Un programa que suelde la unidad de la clase obrera entre fijos y temporales, de planta y de subcontrata o ETT… y sobre todo con los trabajadores inmigrantes que antes ayudaron en gran medida a crear el boom y ahora son usados como chivos expiatorios por la patronal y sus partidos para dividir a los trabajadores y culpabilizar al único gran responsable de la crisis actual: la gran patronal española y su Estado. El movimiento obrero debe tomar la defensa de los trabajadores inmigrantes como una de sus principales banderas, contra las leyes de Extranjería y las expulsiones, papeles para todos. Un programa que defienda una salida obrera contra el paro, que luche por el reparto de horas de trabajo entre los brazos disponibles, y la nacionalización sin indemnización y puesta bajo control de los trabajadores para cualquier empresa que cierre o proponga EREs. Un programa contra la carestía de la vida, por 1200 euros de SMI y subidas salariales acordes con las subidas reales del precio de la vida. No hay salida progresiva sin tocar las ganancias a los capitalistas. Mientras los trabajadores y otros sectores humildes de la sociedad empiezan a vivir las consecuencias más duras de la crisis, empresas como Repsol siguen haciendo fortunas. Hay que luchar por subidas de impuestos inmediatos a las grandes fortunas, en especial a los grandes bancos y a la Repsol (gran beneficiaria española de las subidas de los carburantes), para rebajar el precio del gasoil a los sectores de la pequeña burguesía abocada a la ruina, a la vez que por la eliminación del IVA que paga sobre todo la población trabajadora.

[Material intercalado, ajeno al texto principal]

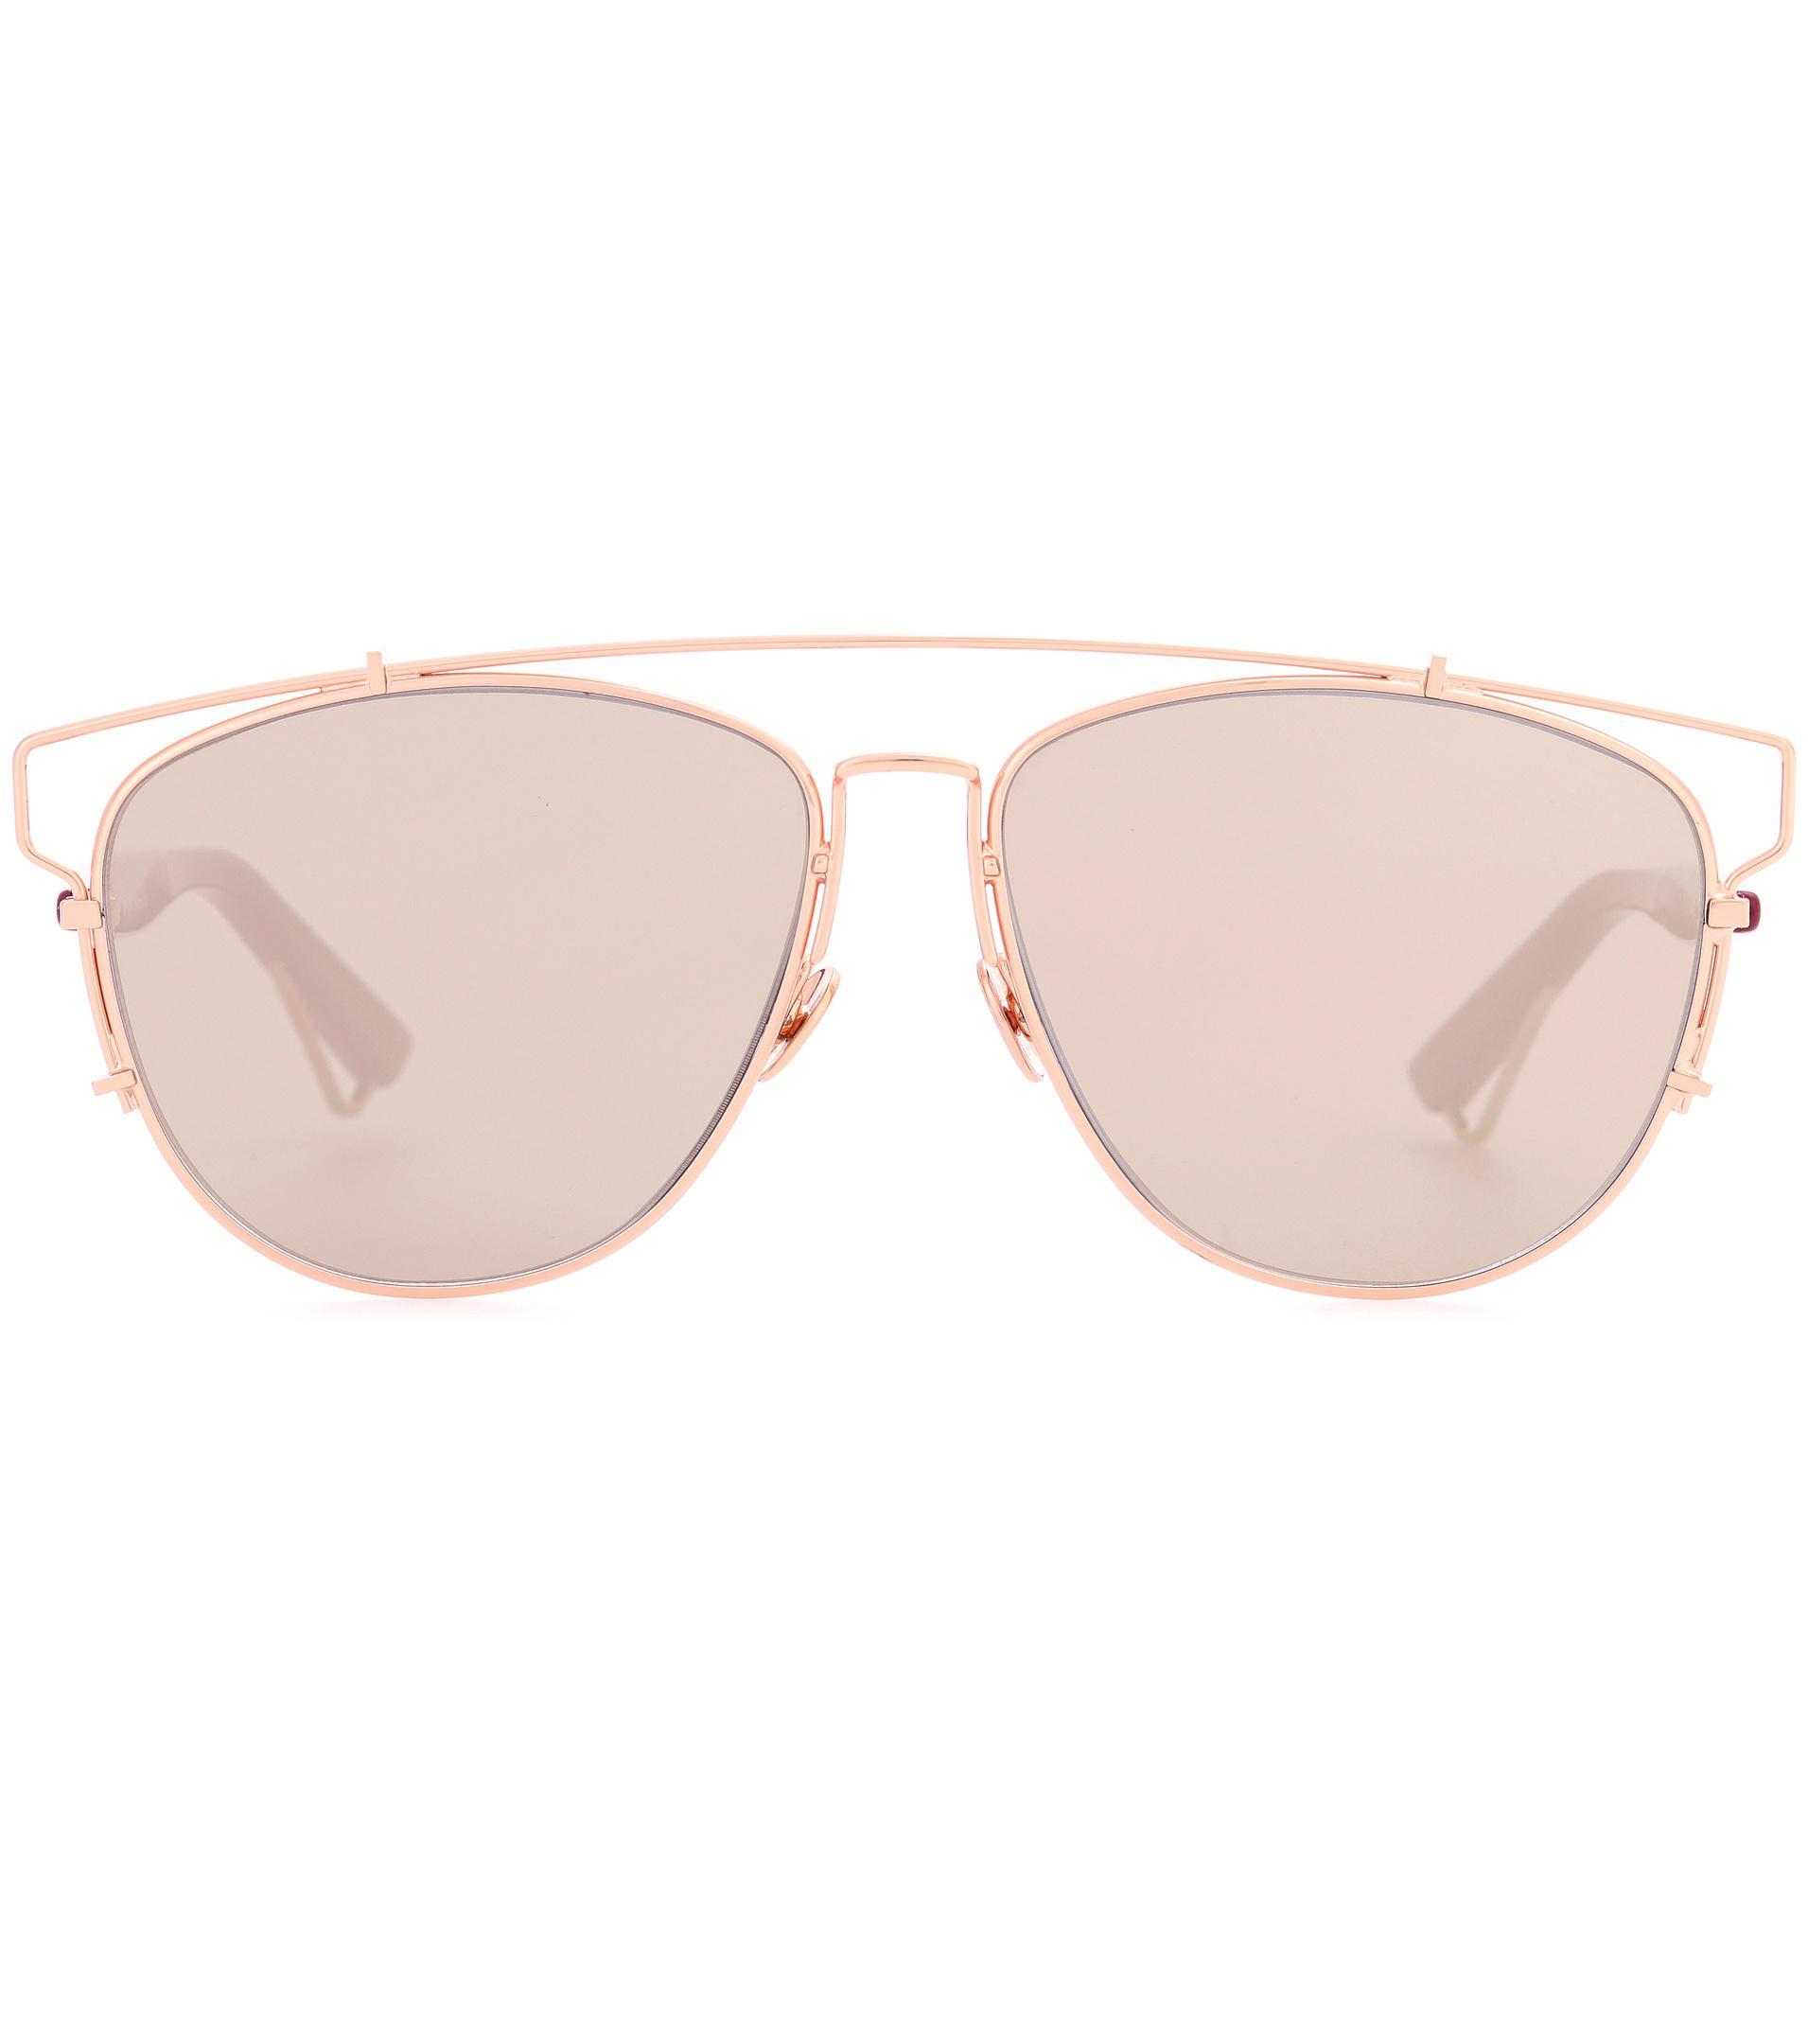 0e8698834c4e9 Dior Dior Technologic Sunglasses in Pink - Lyst

Es fundamental que la clase obrera se ponga a la altura de la situación, soldando en primer lugar la unidad de sus filas y ganado la hegemonía de todos los sectores afectados por el gran capital ya que si no lo hace la desesperación de los pequeños propietarios que hoy en día desestabilizan al gobierno Zapatero pueden ser un caldo de cultivo para variantes más derechistas tipo Berlusconi o la Lega Nord que ya se perfilan en el PP.

1-Ver Editorial y Dossier Economía de Contracorriente nº7. 2-la editorial de El pais del 12/06/08 decía así: “Hasta ahora, el Gobierno sólo ha tomado una decisión firme y certera: rechazar las ayudas fiscales, incluida la tarifa mínima de combustibles, que reclaman los huelguistas. Son discriminatorias y no resuelven el problema de fondo del sector, que es la atomización empresarial. Fomento debe mantenerse firme y ofrecer tan sólo ayudas laborales y apoyos a la reconversión del sector del transporte.” 3-Ver www.ipcreal.com 4-Ver “La Lucha para derrotar el plan Bolonia…” en Contracorriente nº7.